Trying to better understand Thermal Fluid BTU Loss to Calculate GPM Requirements 1

[Rbang]

Good Day All !

Although I have perused the site on many occasions and shared in the knowledge posted, this is the first time for me to request assistance.
Should I not be in the proper section , please inform me so that it may be posted accordingly.
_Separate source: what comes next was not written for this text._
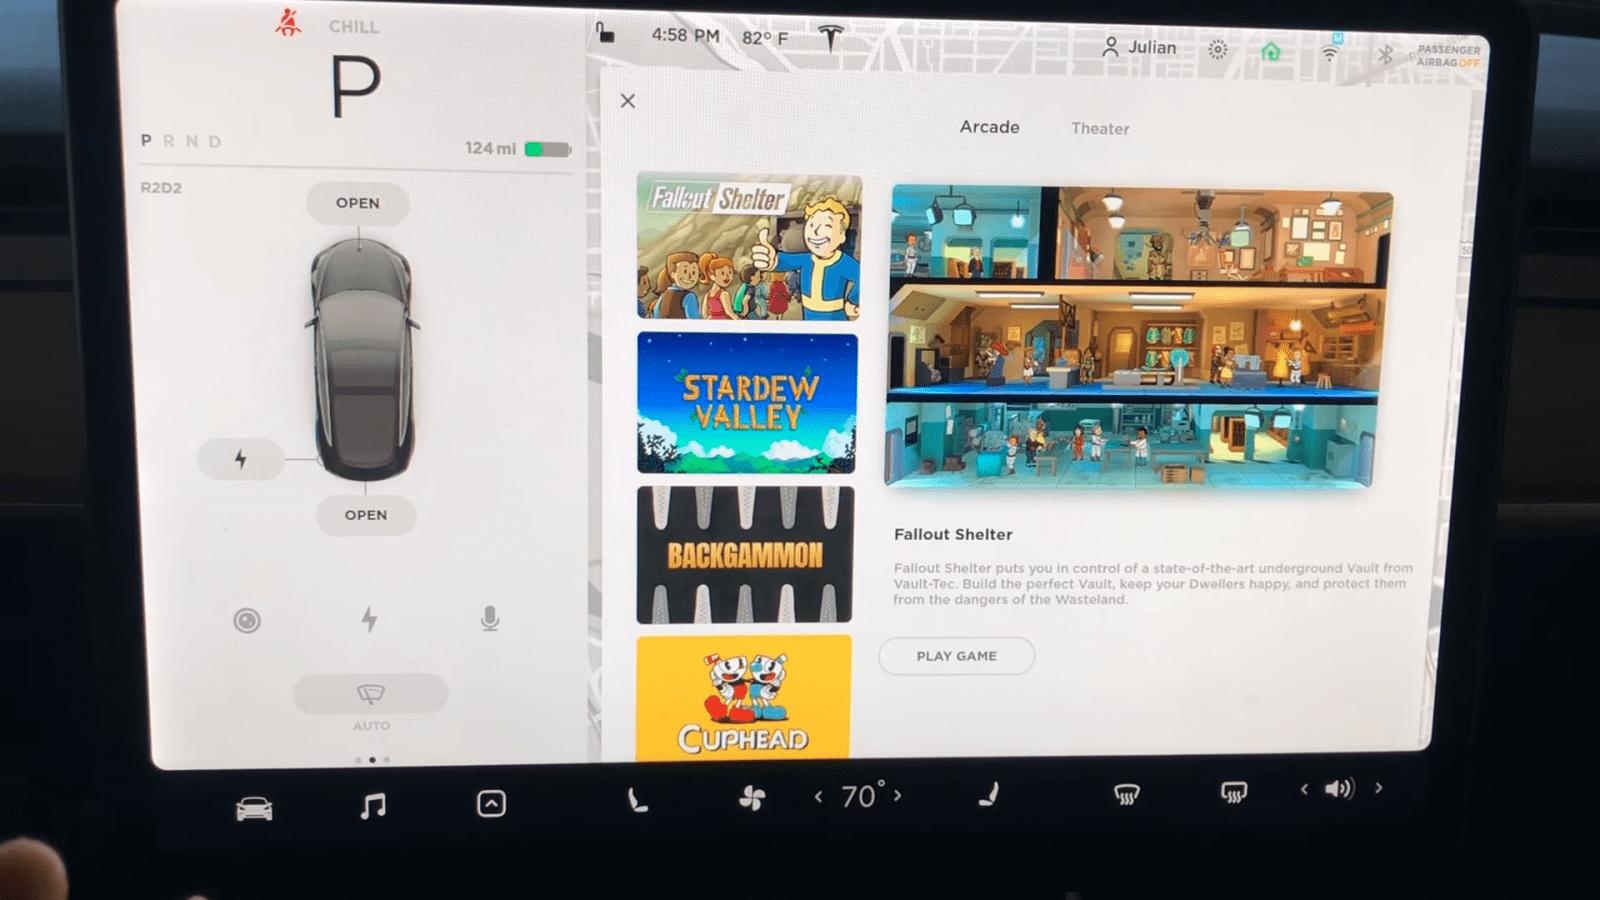 Игра Fallout Shelter появилась в автомобилях Tesla (screenshot from 2020 05 23 13 19 01)

Thank You.

I have an application where I am attempting to confirm the GPM requirements of thermal fluid to convey a given amount of BTU's into a liquid.
In addition, to confirm the Surface Area and Pipe Length required to achieve the goal.

Conditions:

Liquid: Water
Weight: 8.33 lb/Gal
Volume: 10,000 Gal
Container: 8' Dia. x 28' Vertical Carbon Steel
Insulation: 3" Fiberglass

Start Temp: 70F
Ending Temp: 130F
Temp Rise : 60F

(1 BTU x 1 lb = 1 F rise in temp.)
BTU's Required: 10,000 x 8.33 x 60 = 4,998,000 BTU

Tank Heat Loss:
(K-Factor/Insulation Thickness x Surface Area x (Liquid Temp - Air Temp))
.29 / 3 x 804 x (130-60) = 5,440 BTU/Hr

Time to Heat: 4 hrs
4,998,000 BTU / 4 hrs = 1,249,500 + 5,440 = 1,254,940 BTU/Hr

Thermal Fluid Temp In: 450F
Thermal Fluid Temp Out: 425F

I have Calculated "Q" as follows:
A x Delta x U = Q
A=.622 , Delta = 337.5, U = 20
.622 x 337.5 x 20 =4,198.5 BTU per LF of 2" Sch. 40 CS Pipe

To calculate the LF of 2" Pipe required:
BTU-Hr / Q = LF
1,254,940 / 4,198.5 = 186 LF

The Thermal Fluid Properties are listed as:

Specific Heat = 0.56 Btu/Lb/F
Thermal Conductivity = .07 Btu-Ft/Ft2/Hr/F
Wt. Per Gal = 7.0

This is where I have a bit of confusion. Calculating the GPM's required.

My instincts tell me that:

For each gallon of Thermal Fluid that passes through the length of coil with a 25F Temperature drop I would lose 411.6 BTU.

Wt. per Gallon x Specific Heat x Temp Drop x Thermal Conductivity x 60 min.
7 x .56 x 25 * .07 * 60= 411.6 BTU Loss Per Gallon.

To Transfer 1,254,940 BTU's per hr.
1,254,940 / 411.6 = 3,049 GPH
3,049 GPH / 60 = 51 GPM (Could this be Correct?)

Would someone be willing to assist with a confirmation / correction and direction.

I sincerely Thank You for Sharing your Knowledge.
Rbang

 

[SNORGY]

This looks like a classic case of Newton's Law Of Cooling (Heating) for a batch operation. I think if you have access to Perry's Chemical Engineers Handbook, the equations you need are in Chapter 11.

 

[chicopee]

"Wt. per Gallon x Specific Heat x Temp Drop x Thermal Conductivity x 60 min.
7 x .56 x 25 * .07 * 60= 411.6 BTU Loss Per Gallon."
That equation should be instead:
Qloss= (7 lb/gal)* (1 gal)* (.56 btu/lb-dF) *(25 dF)= 98 btu ; the .07 value is not needed since you already know that you have a 25 dF temperature drop in the one foot line.

 

[MintJulep]

Do you know that the heating fluid temperature drop is 25 degrees, or are you just hoping that it will be?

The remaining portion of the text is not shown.